Formerly an aerospace engineer for the Nazis, Dr. Kreutz escaped to America after the end of World War II. He comes to work under Colonel Crawford after the Roswell landings in 1947. Dr. Kreutz is a rather stern and cold man, and offhandedly sacrifices test subjects. He is killed in an explosion along with the mad victims of the experiment on Russell Keys.

- Lester (died April 18, 1970)
 Played by Frederick Koehler.
 Up in the frozen forests of Alaska, dwells Lester. He is an alien-human hybrid, but unlike Jacob Clarke, he was born horribly deformed more alien outside than inside. Lester has the appearance of a mutated human-alien, he has the bone-chilling psychic ability to kill whoever looks him in the eye. Absolutely terrified of himself, he hides in a small shack in the woods. He builds an Inuit-inspired tomb for his dead twin brother (who was also deformed), hoping to revive him with magic. Lester and his twin brother are failed experiments of the aliens, and therefore of no importance.

- Patricia
 Played by Janet Wright.

- Dr. Harriet Penzler (died 2002)
 Played by Gabrielle Rose.
 A psychological counselor, Dr. Penzler is engrossed by hearing the experiences of the 'taken', and has opened a therapy group so abductees can talk about their experiences. She also uses hypnosis on the members of the group to recollect their memories.
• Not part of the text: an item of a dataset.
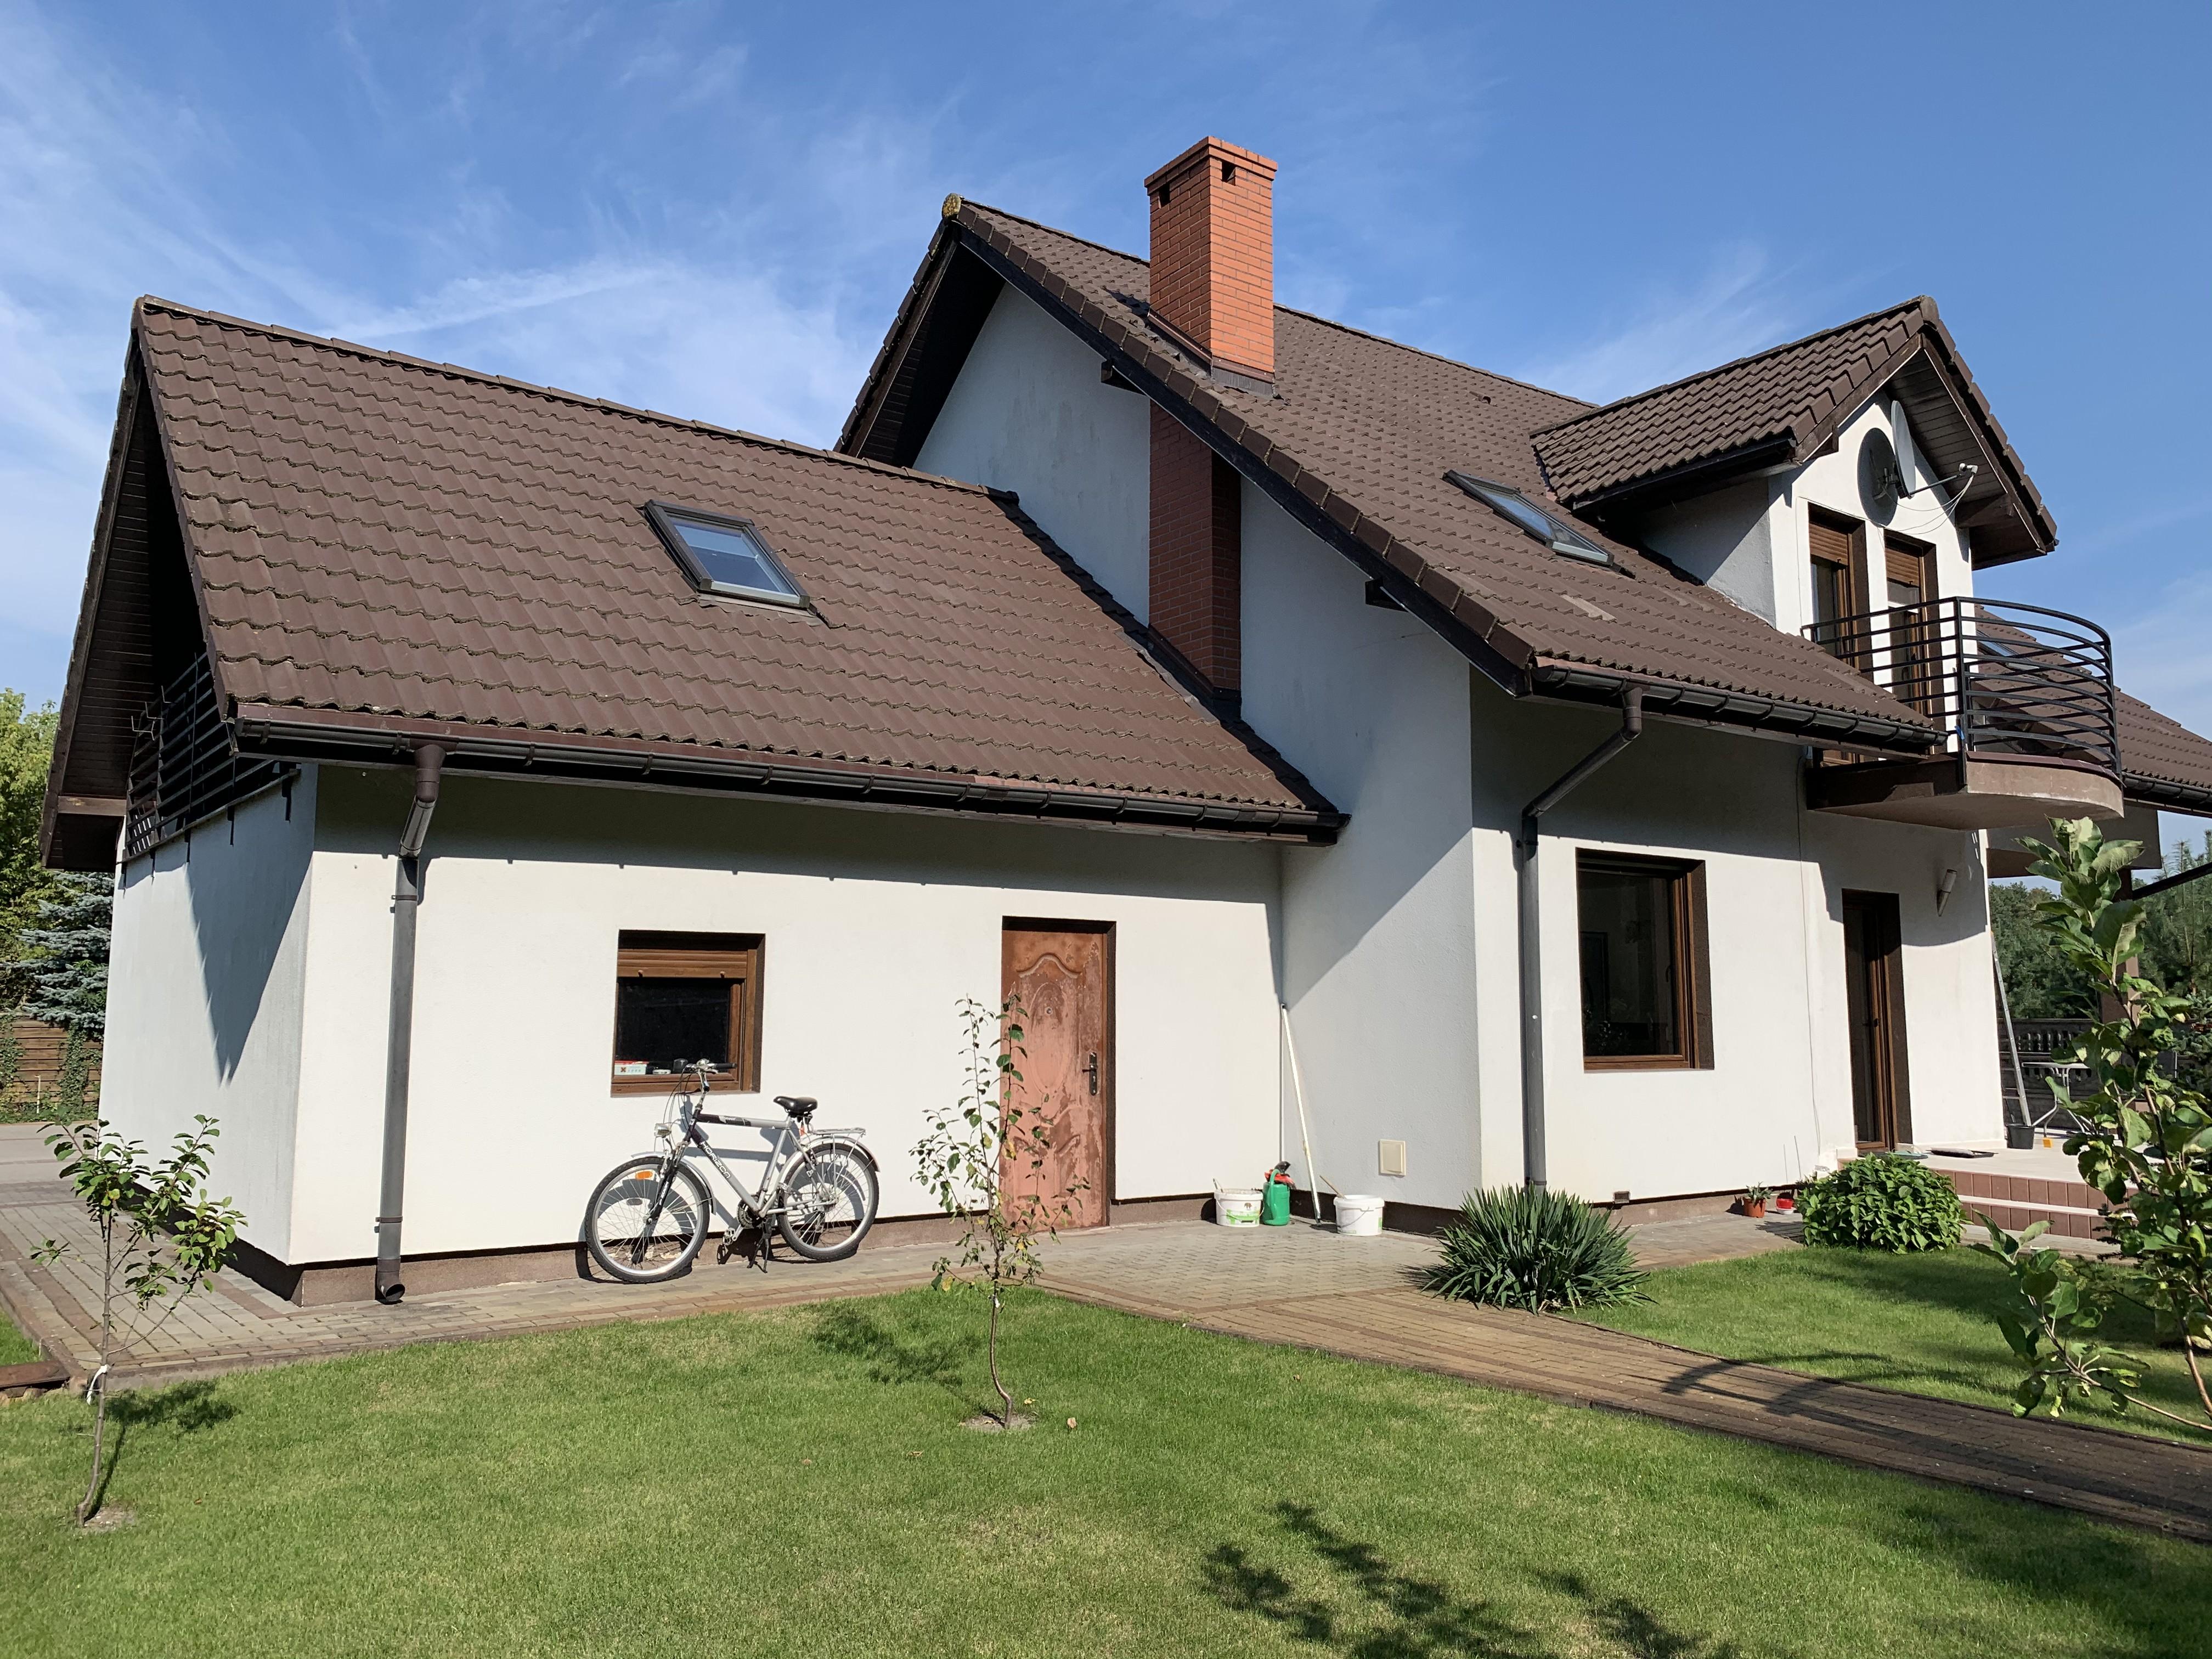 Dom w Zielonce o wysokim standardzie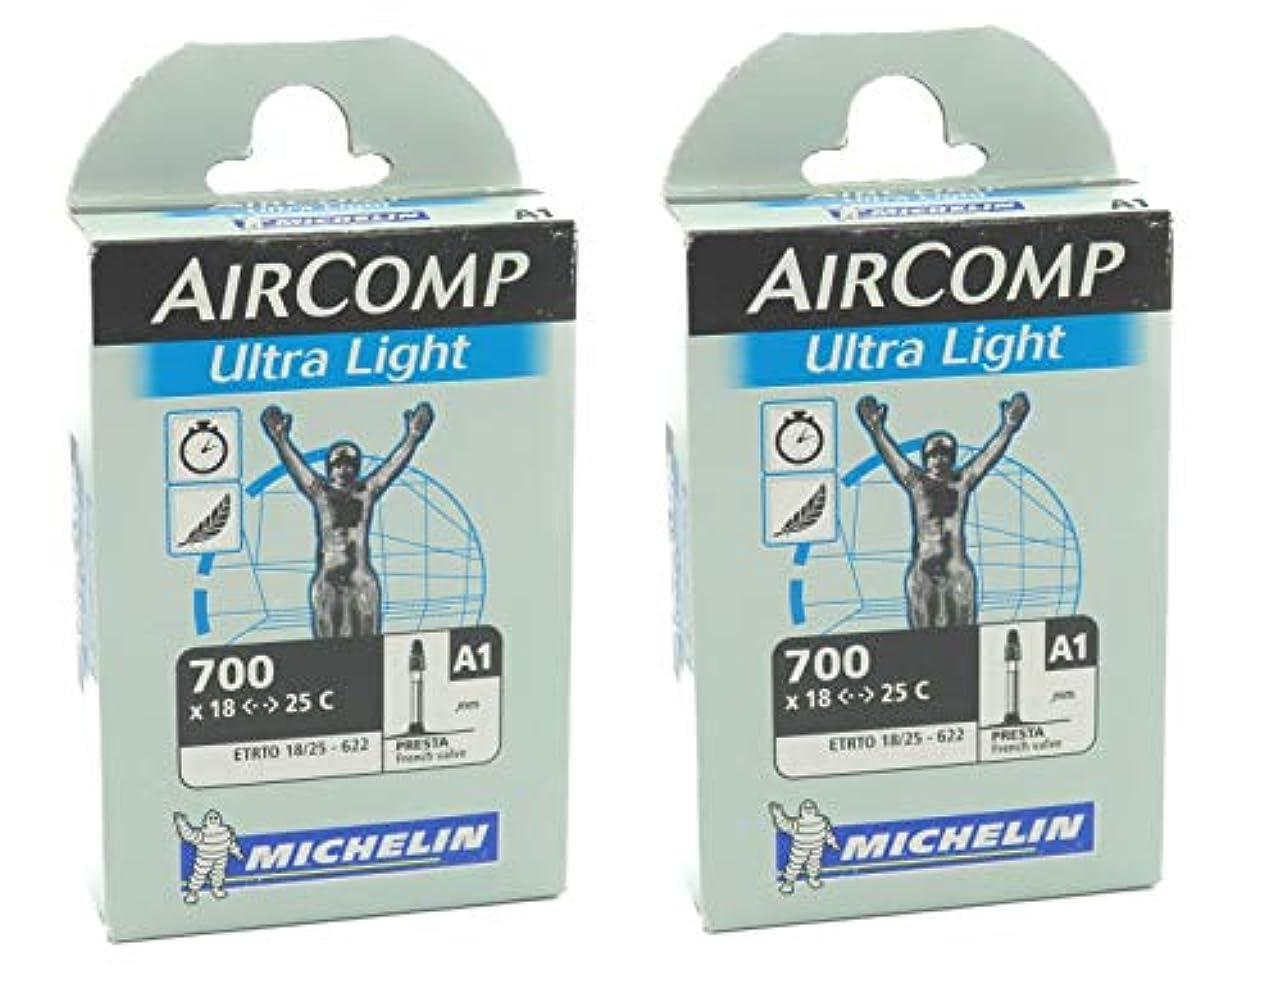 おそらく転送準備2本セット MICHELIN (ミシュラン) AIRCOMP ULTRALIGHT(エアーコンプウルトラライト) 700×18/25c 仏式 超軽量チューブ [並行輸入品]

However, some of the members of the group find their confidence in her testing. She is killed by a government agent while hypnotizing Lisa to help her find Allie.

- Lieutenant Pierce
 Played by Michael Soltis.
 A young soldier that takes care of Allie while she's under the US Army custody. He reads the Adventures of Huckleberry Finn to her. When the UFO crashes, he's one of the soldiers chosen to go inside. After Allie's deception is uncovered, he helps her and her parents escape.

- Dr. Powell
 Played by Terry Chen.

- Dr. Quarrington
 Played by Malcolm Stewart.

- Ray
 Played by Brian Markinson.
 Ray is an angry and confused man who pretends that he was abducted by aliens, but was in fact a victim of child sexual abuse. He attempts to create a media spectacle by holding the therapy group hostage in a bid to prove to himself that is a sane man. Allie convinces him to surrender.

- Sue (d. July 1947)
 Played by Stacy Grant.
 Captain Crawford's girlfriend, until he becomes interested in Anne, a marriage that could help his career. Sue finds a piece of alien technology and gives it to him. He promises her to rekindle their relationship, but he brutally kills her to marry Anne.

- Private William Toland
 Played by Jason Grayhm.

- Sheriff Bill Walker
 Played by Ian Tracey.
 Second husband to Kate Keys.

- Captain Walker
 Played by Roger Cross.
 One of the soldiers that guards Allie while in custody of the US Army. After the UFO crashes, he leads the soldiers chosen to go inside.

- Dr. Chet Wakeman (died 2002)
 Played by Matt Frewer.
 Despite being a highly intelligent and rather blackly humorous character, Dr. Chet Wakeman can be rather sadistic. Wakeman, being a scientist, has a grossly childlike fascination with the aliens, and will sacrifice absolutely anything to have a share in the alien experience. As a result, he gleefully sentences test subjects - both human and animal - to their deaths in order to extract research data, and to satisfy his curiosity. Although he is Eric Crawford's friend, their friendship cools over the years, especially when Wakeman falls in love with Eric's daughter Mary. The two have an affair for several years, until she shoots him in the back when he tries to warn Charlie Keys and Lisa Clarke, killing him.

- Lieutenant Williams
 Played by Tobias Mehler.
 One of the soldiers that guards Allie while in custody of the US Army. After the UFO crashes, he's one of the soldiers chosen to go inside.